A single intravenous administration of a sub-anesthetic ketamine dose during the perioperative period of cesarean section for preventing postpartum depression: A meta-analysis
- PMID: 35278826
- DOI: 10.1016/j.psychres.2022.114396
A single intravenous administration of a sub-anesthetic ketamine dose during the perioperative period of cesarean section for preventing postpartum depression: A meta-analysis
Abstract
The feasibility of intravenous ketamine administration during the perioperative period of cesarean section to prevent postpartum depression (PPD) has not been determined by meta-analysis. To evaluate the efficacy, safety and dose of prophylactic ketamine in offsetting PPD, we retrieved the following databases in English or Chinese from inception to December 2020: Pubmed, Embase, Web of Science, The Cochrane Library, CNKI, VIP and Wanfang. A total of 10 studies (9 RCTs and 1 retrospective study) were included with 2087 cases. Meta-analysis showed that in ketamine group, the score and the prevalence of PPD within 1 week postpartum were significantly reduced, whereas PPD score after 4 weeks postpartum showed no superiority.

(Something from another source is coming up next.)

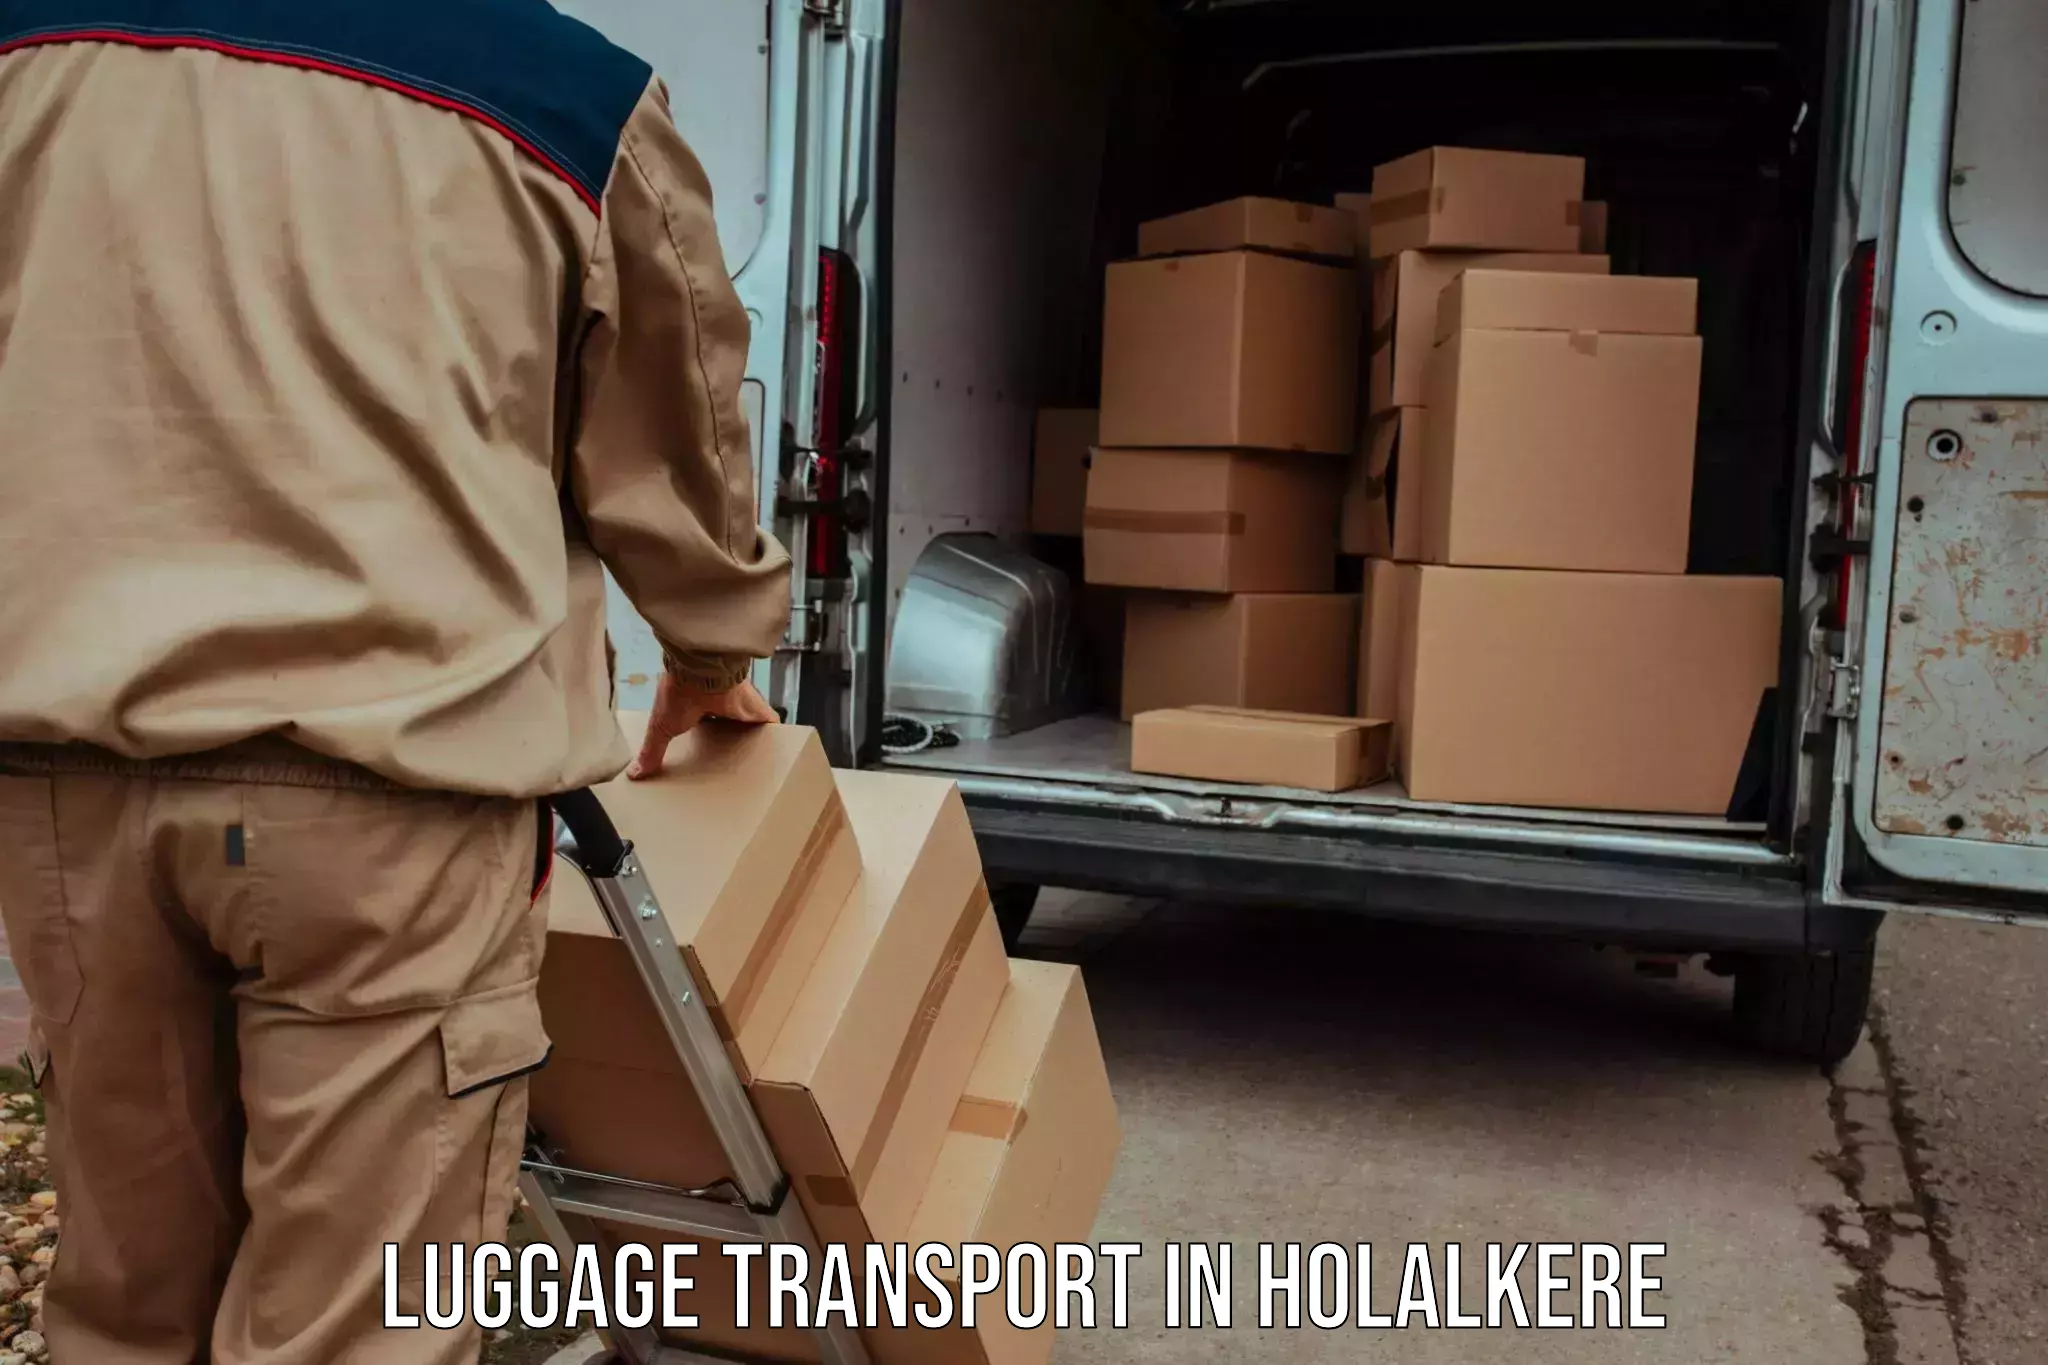 Luggage transport consultancy in Holalkere

There was no significant difference in terms of total adverse events rate, although vomiting occurred more frequently in the ketamine group. In addition, we found that ketamine efficacy emerged at 0.5 mg/kg. By meta-regression, we observed that: (1) Age and BMI are negatively associated with mood response to ketamine. (2) An analgesic pump containing ketamine for continuous 48 h postpartum administration was more efficacious than an intravenous injection of ketamine during cesarean section. Current evidence shows ketamine could be efficacious and safe in the prophylactic management of PPD in women having a cesarean section.
Keywords: Ketamine; Meta-analysis; Postpartum depression.